When NVIDIA purchased mobile-chip designer Arm Holdings from SoftBank last year, NVIDIA CEO Jensen Huang made the bold prediction that in the years ahead, there will be trillions of artificial intelligence (AI)-enabled Internet of Things (IoT) devices. Regardless of whether that holds true, it is safe to say the growth of IoT devices is exploding. All those devices will require power sources, and the way Josiah Hester sees it, that’s problematic for the environment and society.

“When I see the ‘trillion’ number, I see a trillion dead batteries, basically,” says Hester, an assistant professor of computer engineering at Northwestern University. “There’s piles of batteries in landfills in China and elsewhere sitting there unrecycled; or they’re put in furnaces and melted down, which is not a carbon-neutral event.”

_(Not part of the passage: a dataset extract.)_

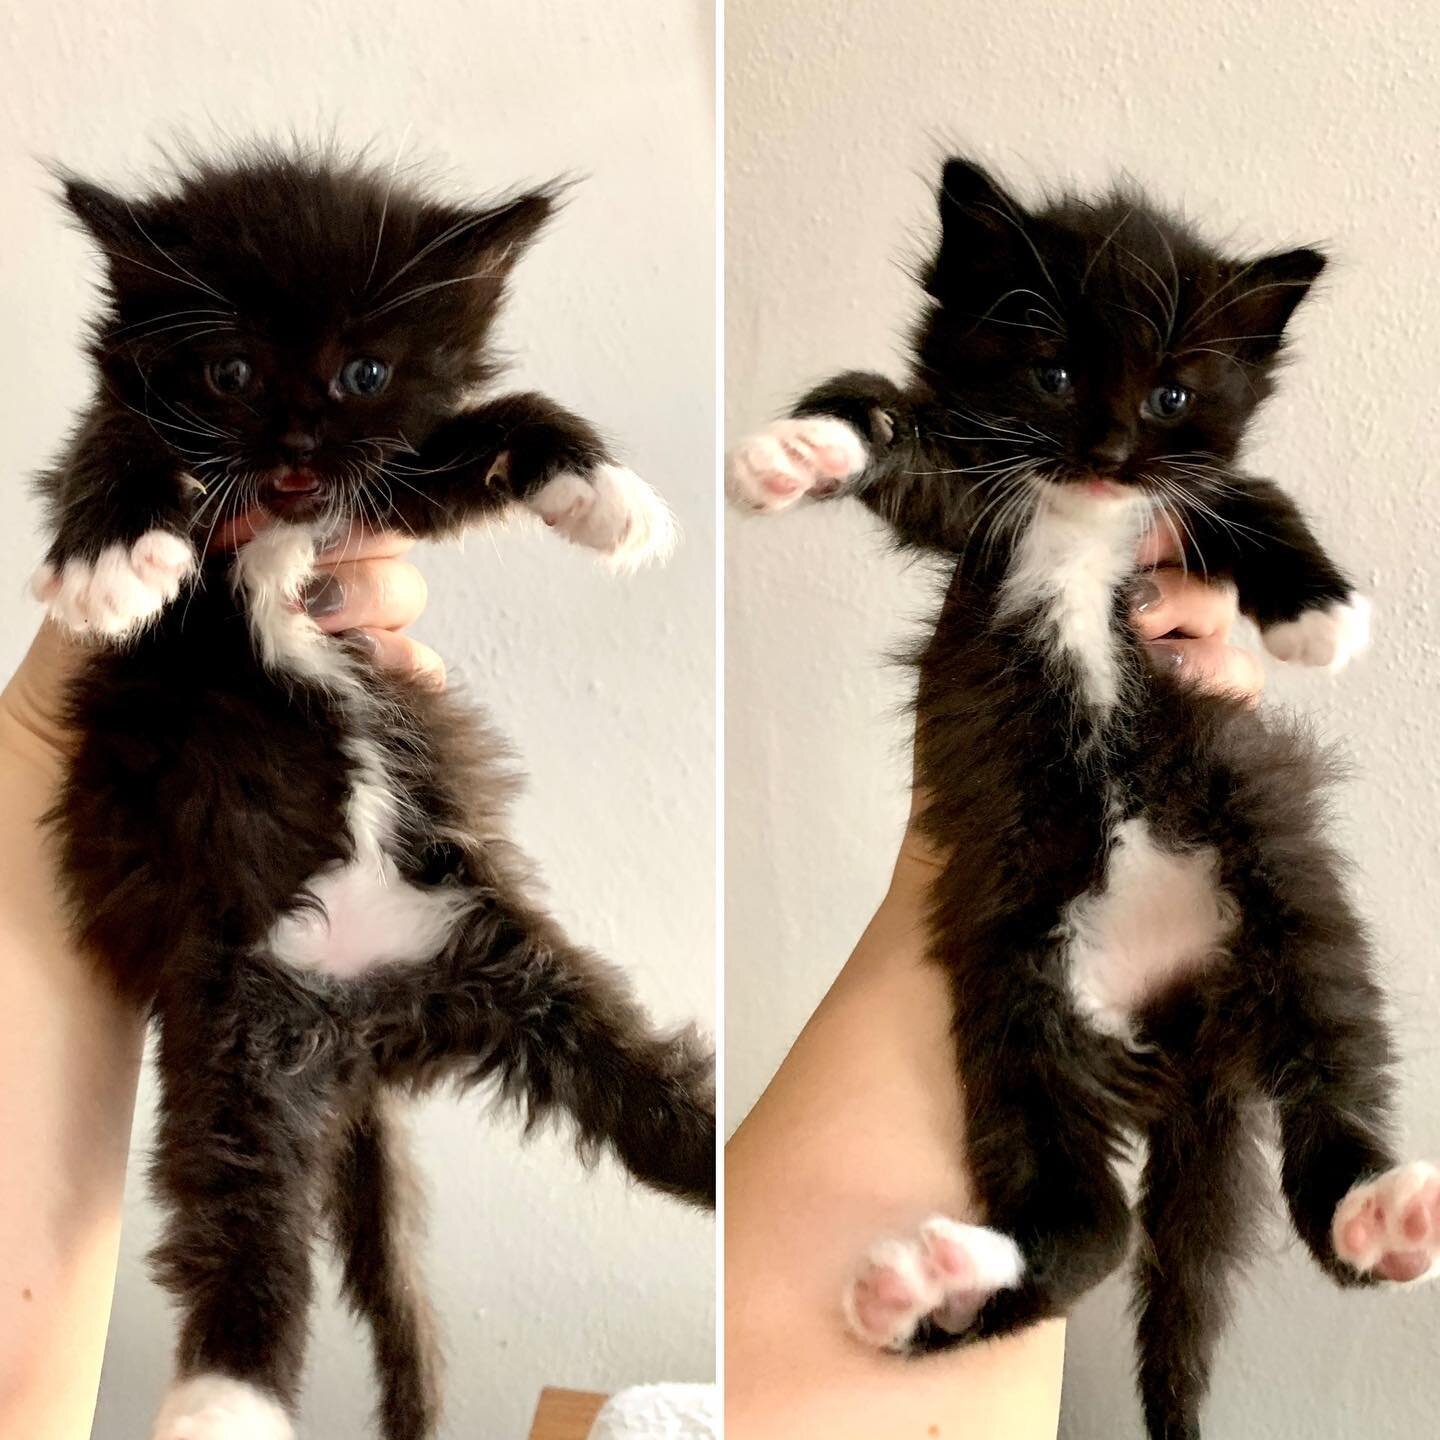 Squish &amp; Pop may be wearing outfits by the same designer, but they each have their own personal style. There&rsquo;s only one thing I use to tell them apart, do you see what it is?

#cutekittens #blackandwhitekittens #fosterkittens #squish #pop

As a native Hawaiian, Hester also is concerned about the impact of micro-plastics and dead batteries turning up in oceans, and about lithium mining, which uses water supplies that people depend on to live. That got him thinking about how to design computer systems without batteries that instead harvest energy, thus reducing their carbon footprint and the impact on the environment.

Hester and other researchers at Northwestern designed a battery-free Nintendo Game Boy that is powered by button presses and sunlight, harvesting energy from the movement of tiny magnets and through tightly wound coils every time a user presses a button.

Now, the team is working on smart face masks that are powered by a person’s breathing or movement, that will be able to capture heart or respiration rates, and also to determine whether the person is wearing the mask correctly.

uf1.jpg
Figure. A Wiliot battery-free sensor tag, which contains an energy-harvesting chip that draws power from ambient radio frequencies.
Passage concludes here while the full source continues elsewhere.